_Data provided_
* * *
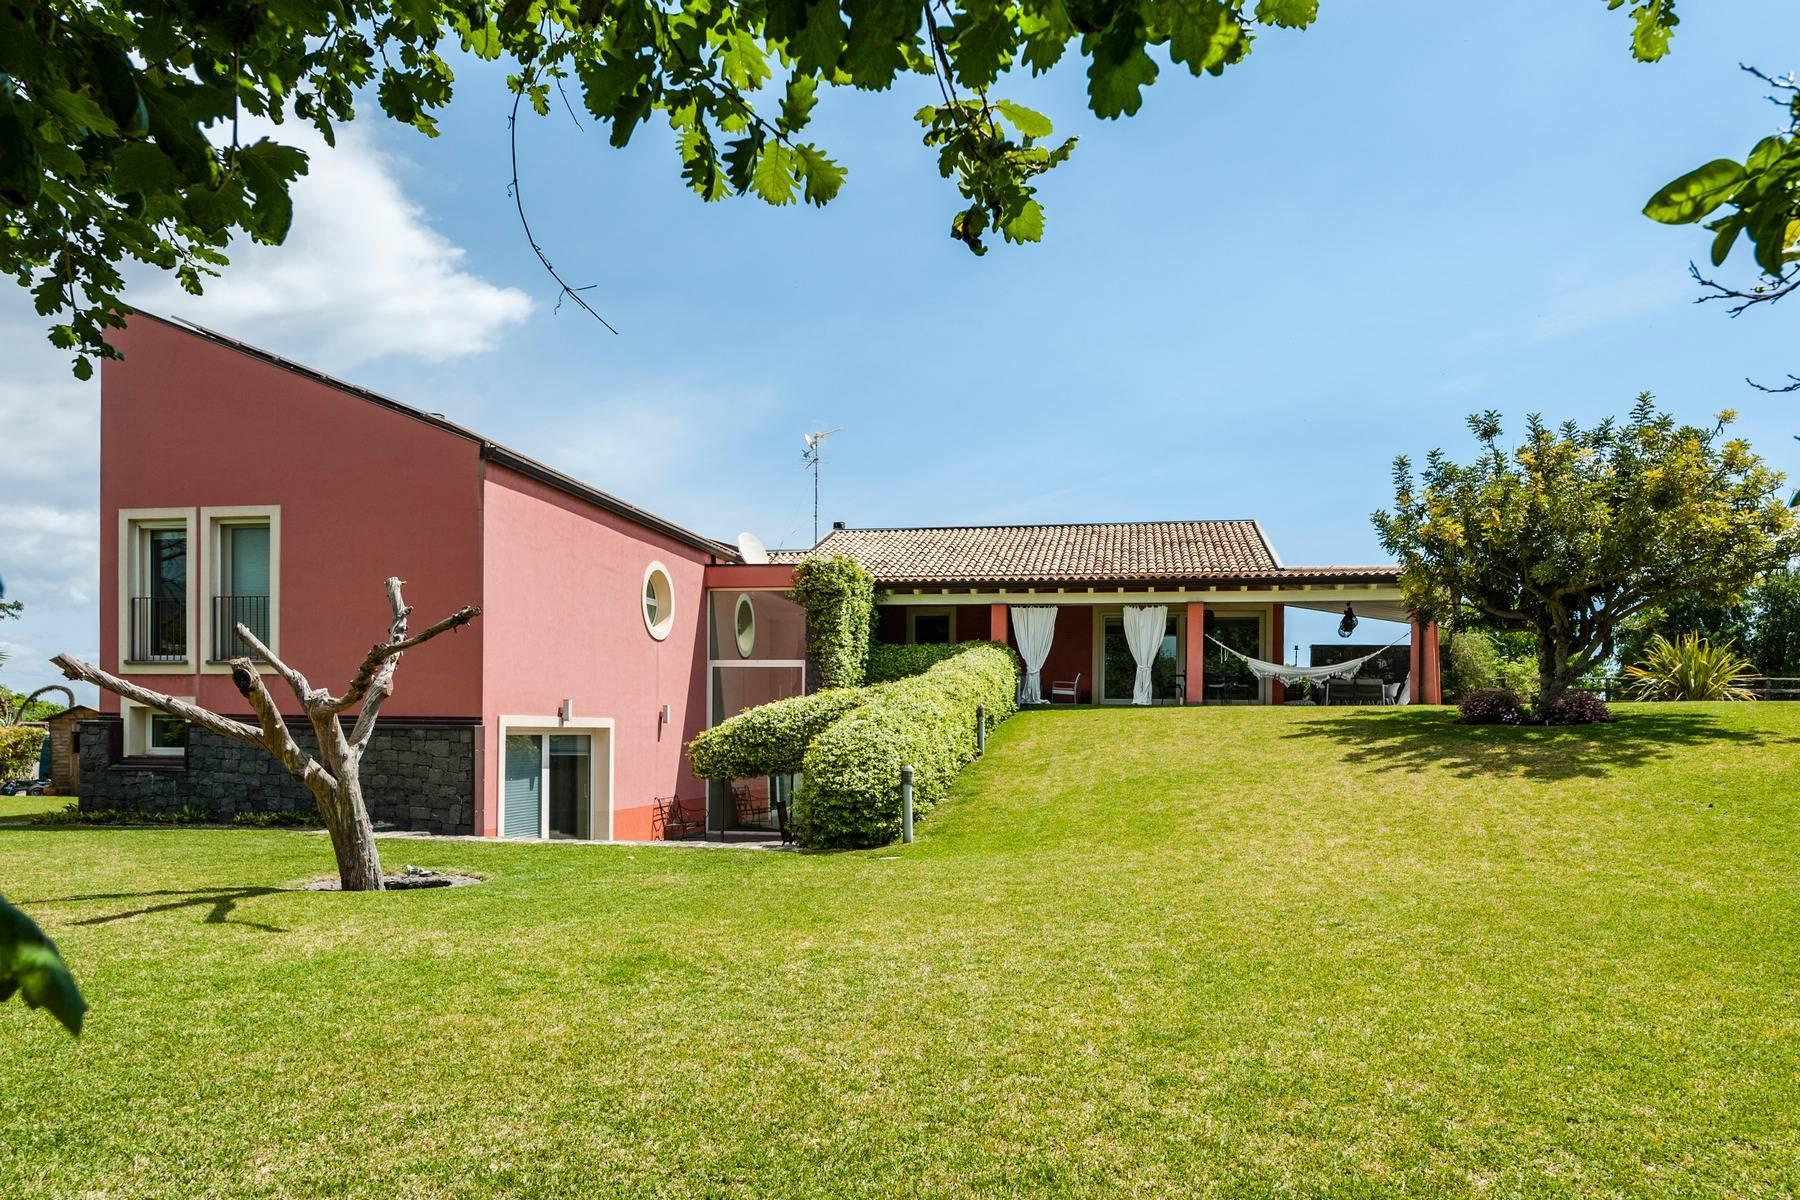 Villa esclusiva con piscina con vista ad Acireale - 11
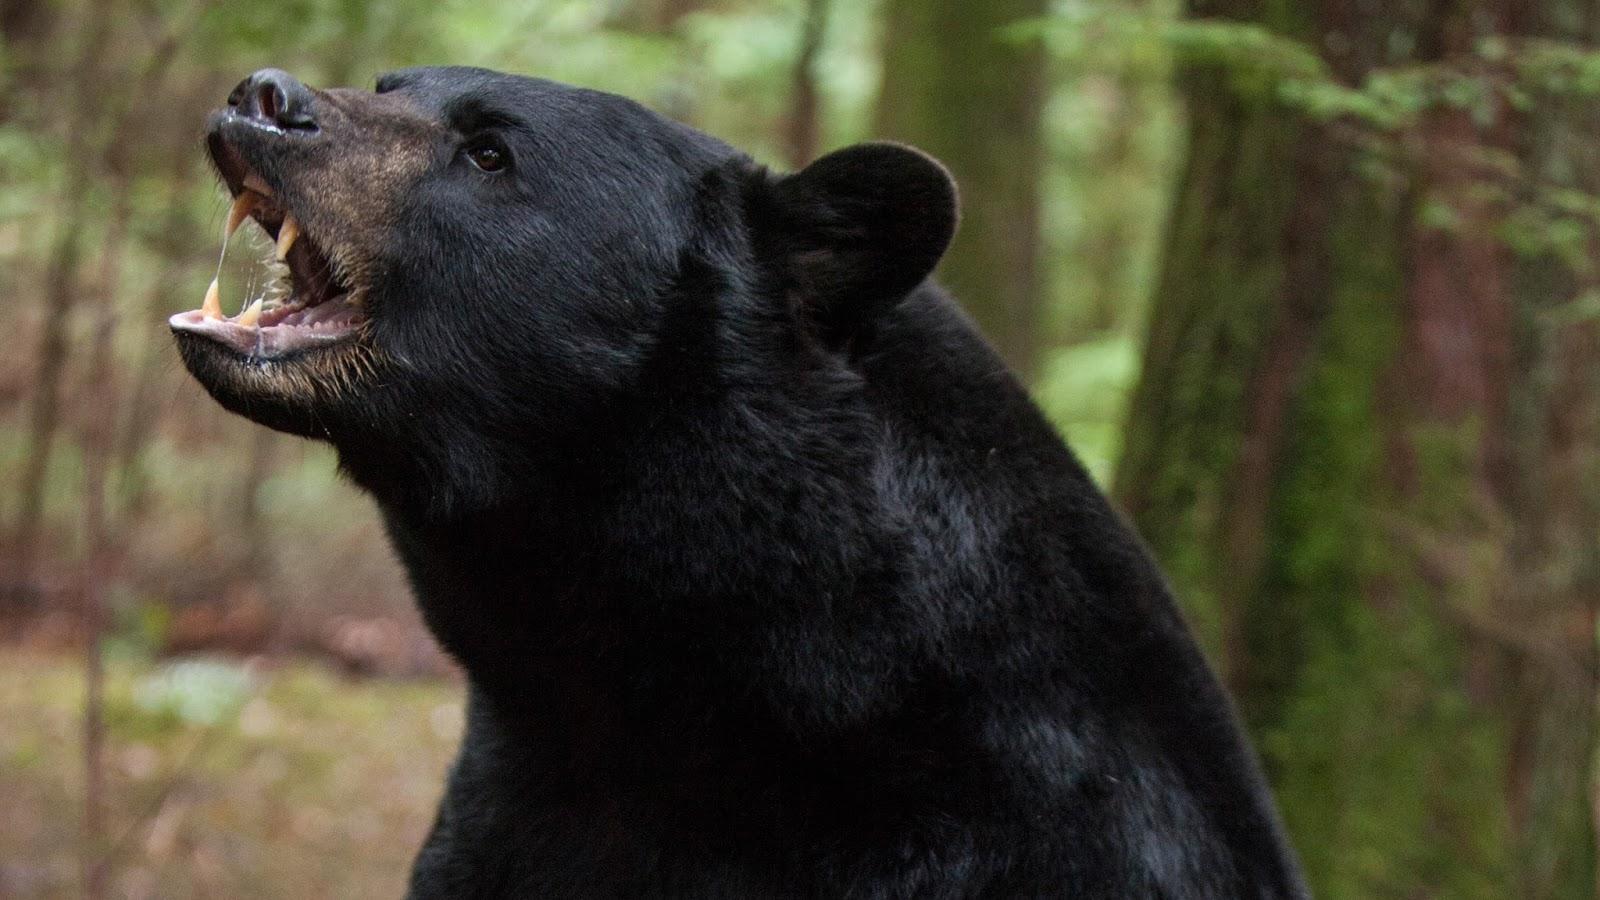 En el bosque sobrevive (Backcountry) 2014 Black-bear-backcountry-movie_h
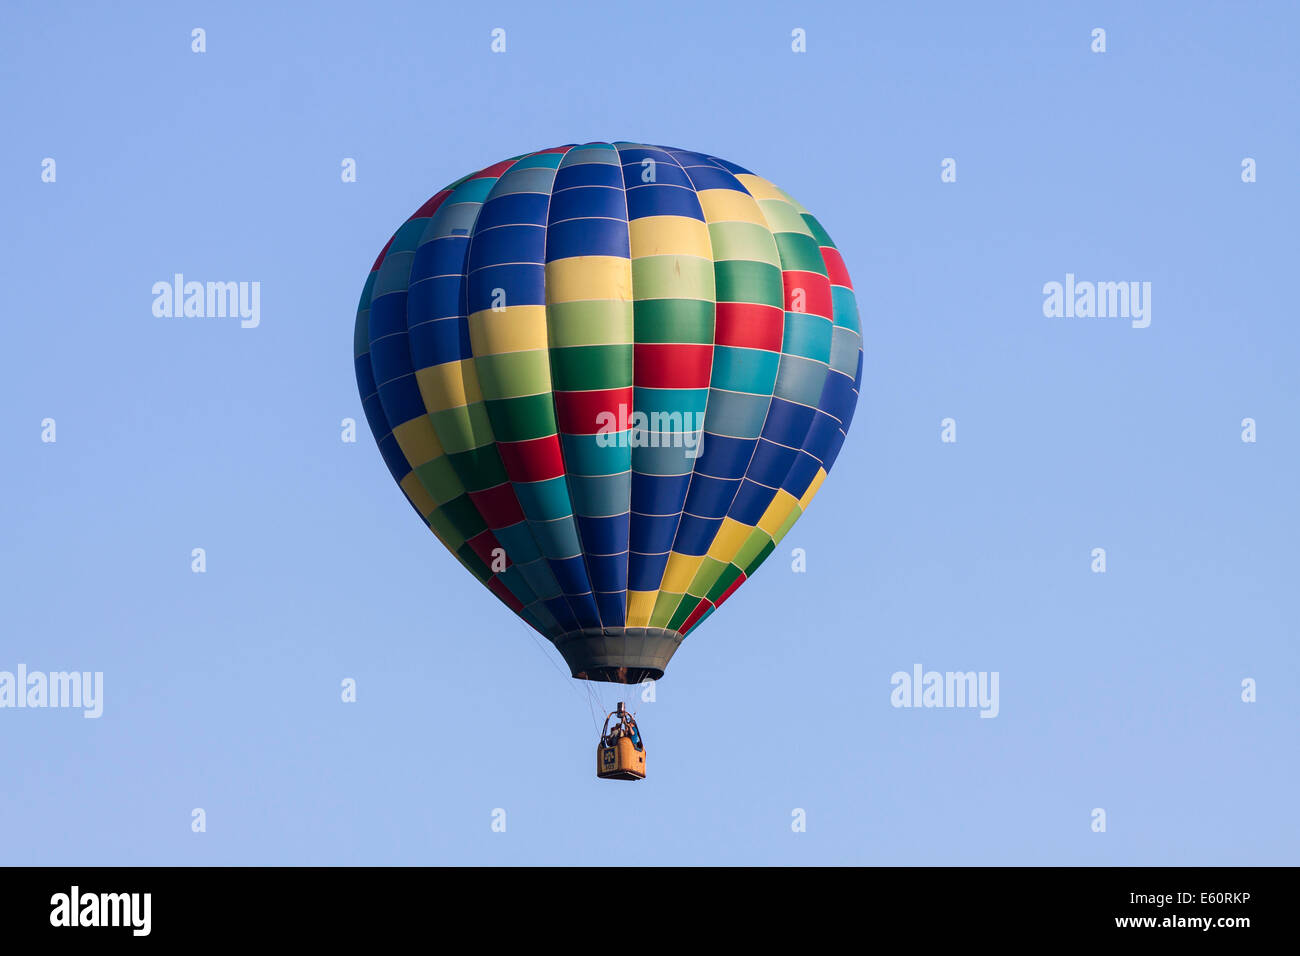 International Balloon Festival of Saint-Jean-sur-Richelieu, Canada - Stock Image
* * *
_Task objective_
Pictures are to be omitted. The lines from the line holding "En el bosque" through the closing line of the data above are to be set down exactly, and nothing more.

_Reply_
 En el bosque sobrevive (Backcountry) 2014 Black-bear-backcountry-movie_h
 International Balloon Festival of Saint-Jean-sur-Richelieu, Canada - Stock Image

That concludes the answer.